Documents in NCLOB format are also stored in the AL16UTF16 character set regardless of the database character set or national character set. The storage space requirement is the same as for CLOB data. Document contents are converted to UTF-16 when they are inserted into a NCLOB column. If you want to store multilingual documents in a non-Unicode database, then choose NCLOB. However, content search on NCLOB with Oracle Text is not supported.

Documents in BLOB format are stored as they are. No data conversion occurs during insertion and retrieval. However, SQL string manipulation functions (such as LENGTH or SUBSTR) and collation functions (such as NLS_SORT and ORDER BY) cannot be applied to the BLOB data type.
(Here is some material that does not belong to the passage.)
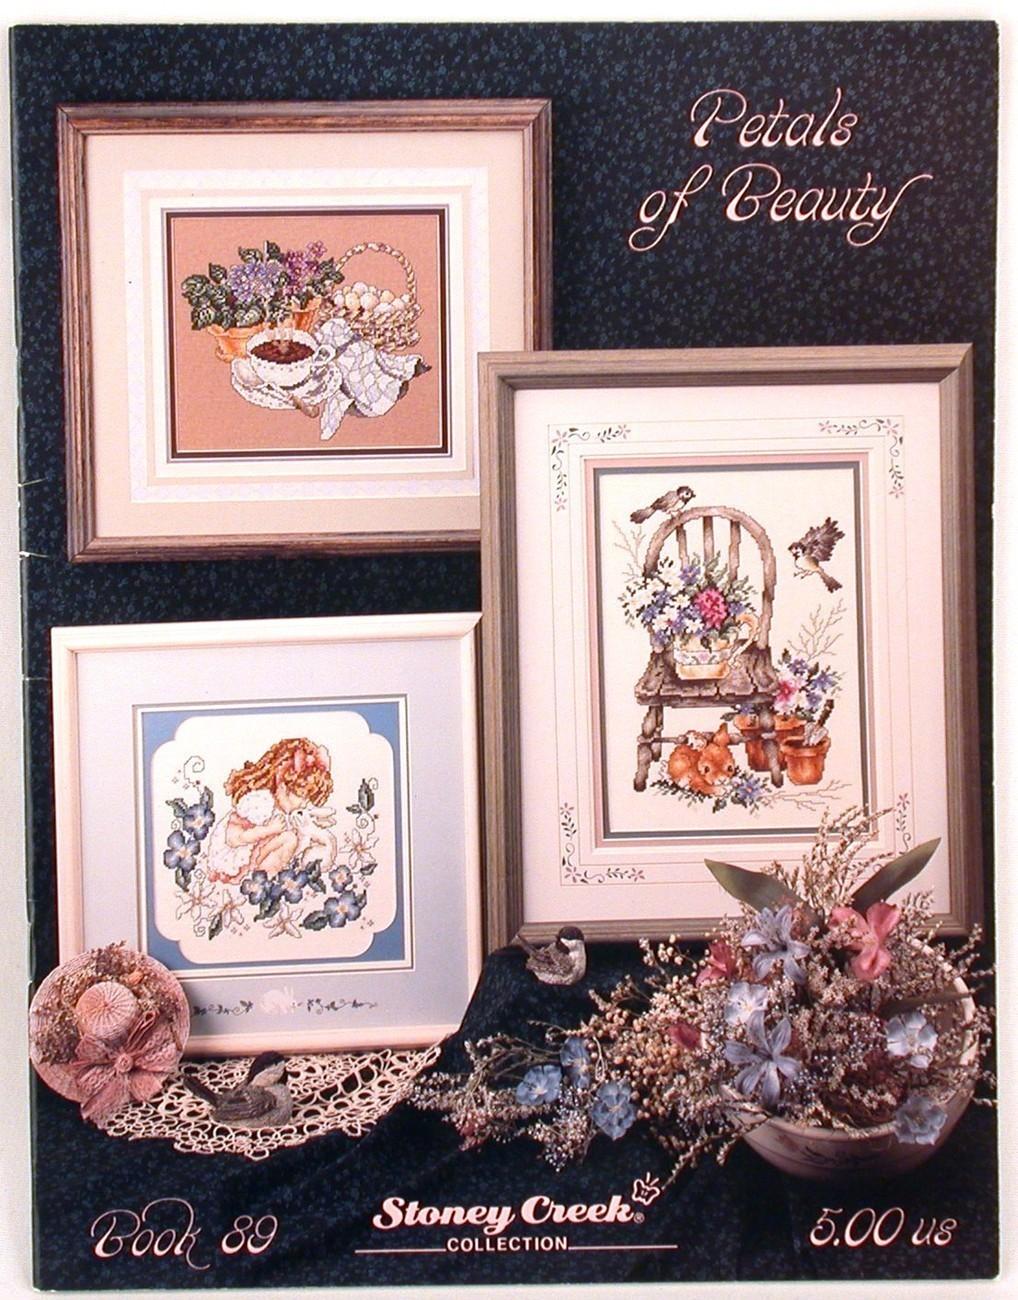 Cross stitch petals of beauty
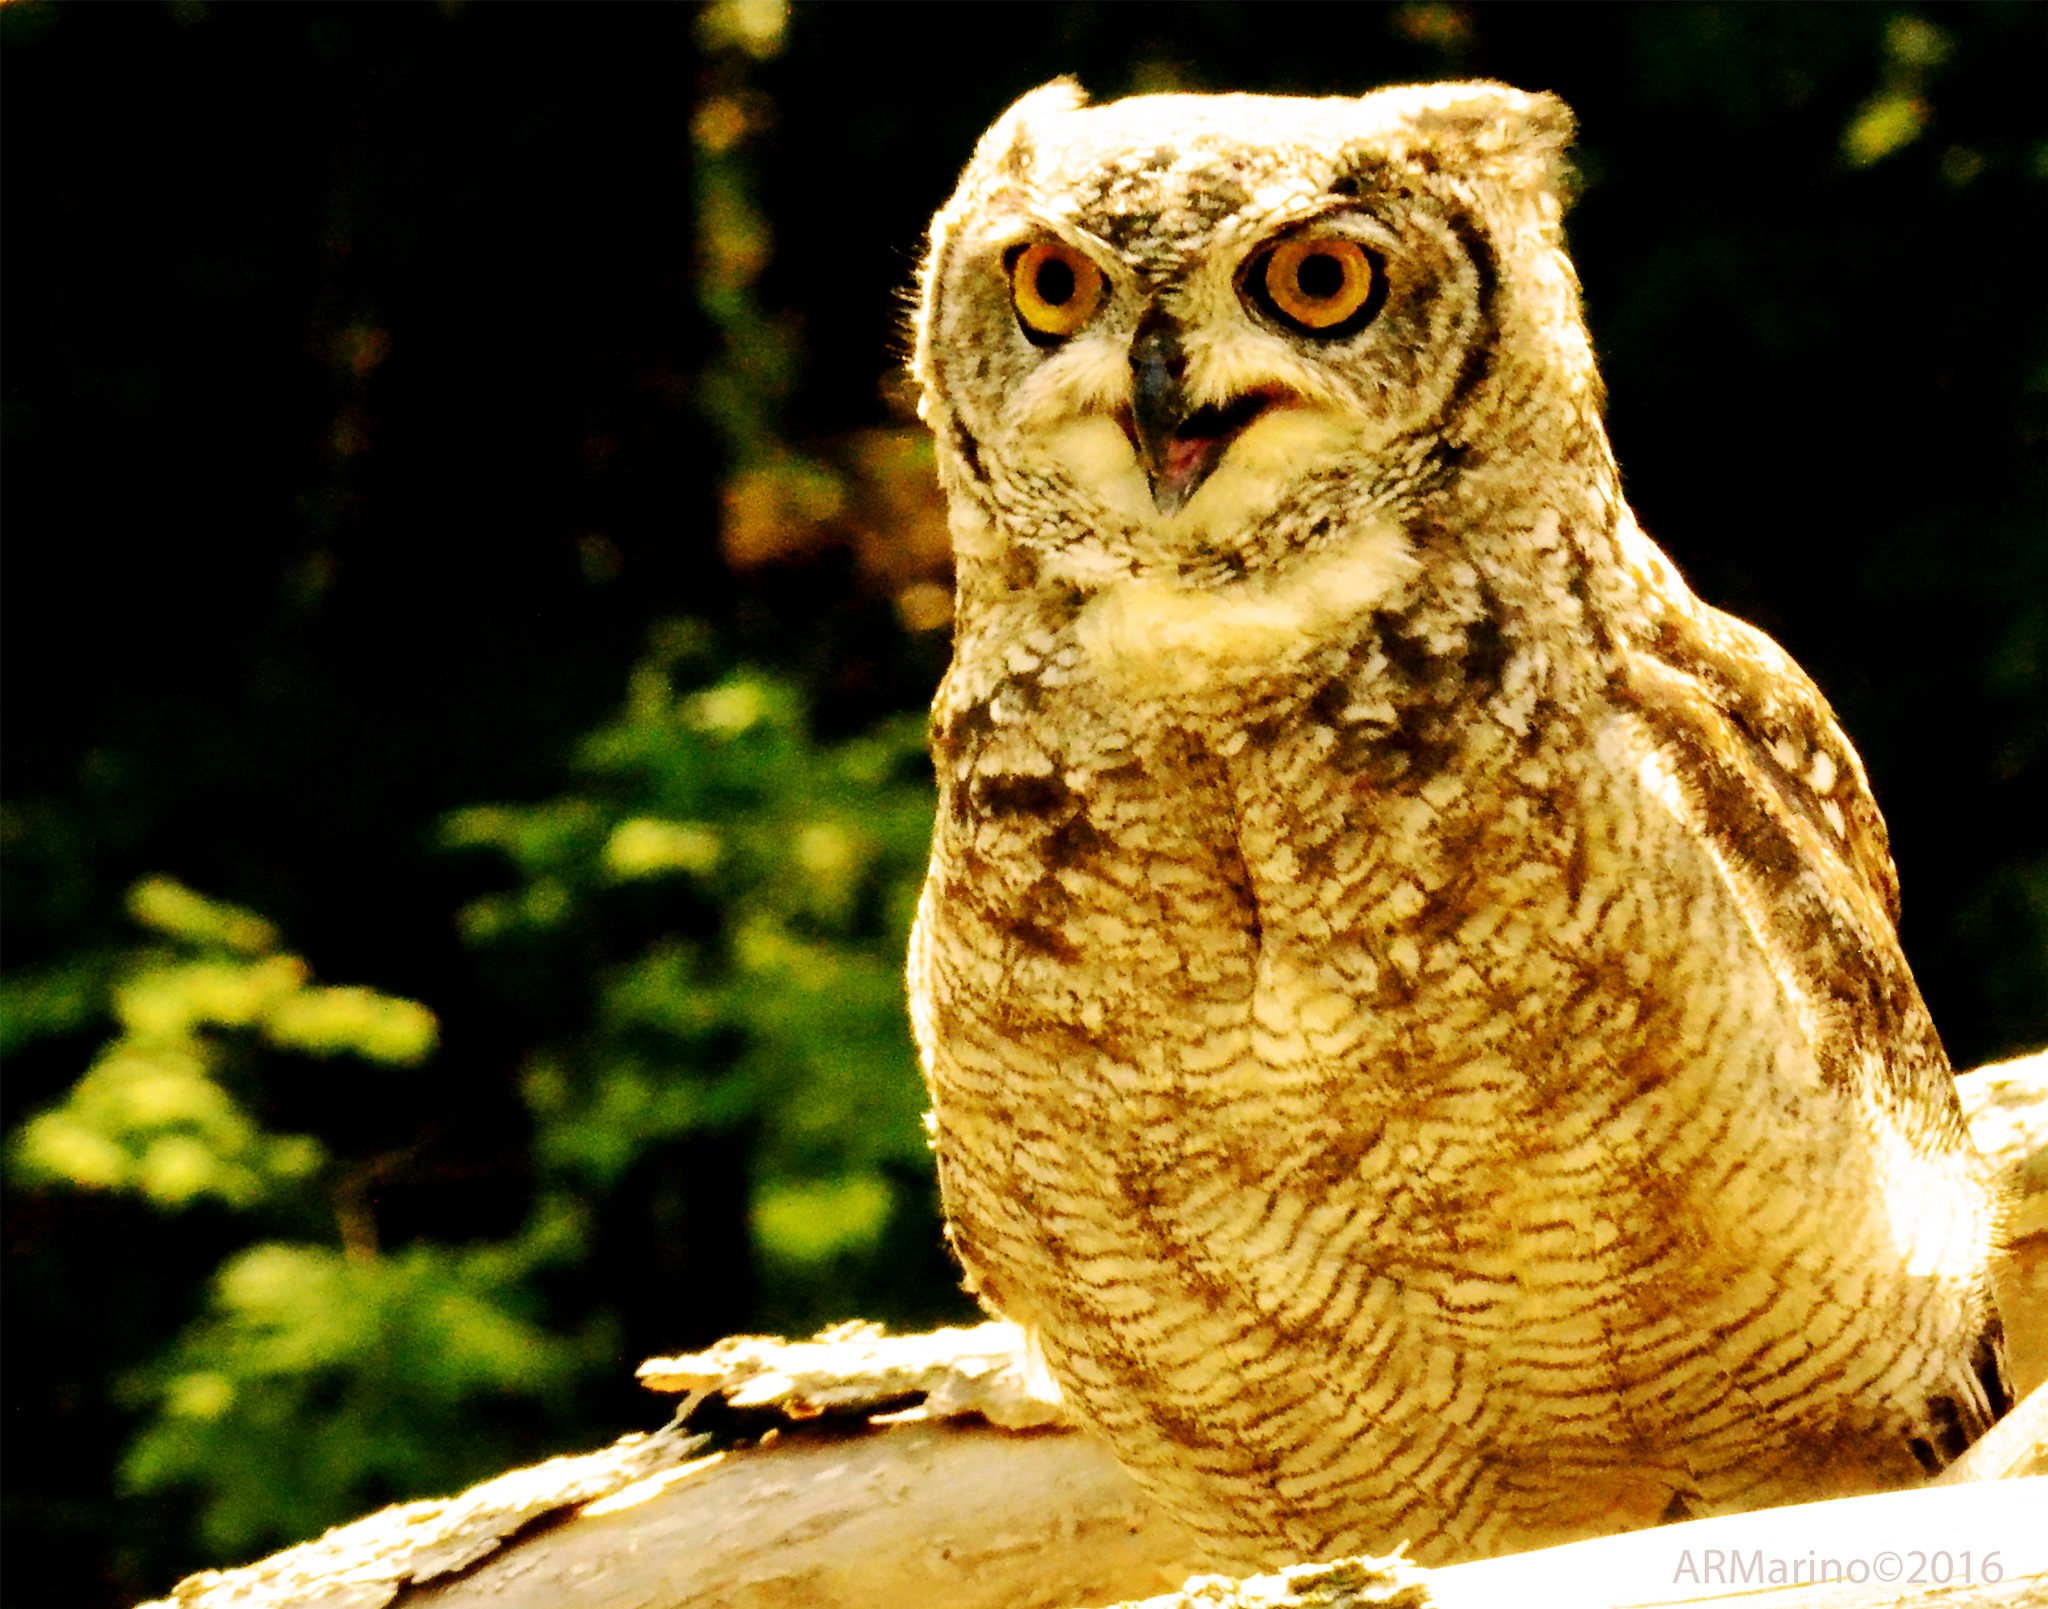 Owl202 by A R Marino

The following table lists the advantages and disadvantages of the CLOBNCLOB, and BLOB data types when storing documents:

Table 6-3 Comparison of LOB Data Types for Document Storage

Data Types

Advantages

Disadvantages

CLOB

Content search support with Oracle Text

String manipulation support

Depends on database character set

Data conversion is necessary for insertion

Cannot store binary documents

NCLOB

Independent of database character set

String manipulation support

No content search support

Data conversion is necessary for insertion

Cannot store binary documents

BLOB

Independent of database character set

Content search support

No data conversion, data stored as is

Can store binary documents such as Microsoft Word or Microsoft Excel

No string manipulation support

Creating Indexes for Searching Multilingual Document Contents

Oracle Text enables you to build indexes for content search on multilingual documents stored in CLOB format and BLOB format. It uses a language-specific lexer to parse the CLOB or BLOB data and produces a list of searchable keywords.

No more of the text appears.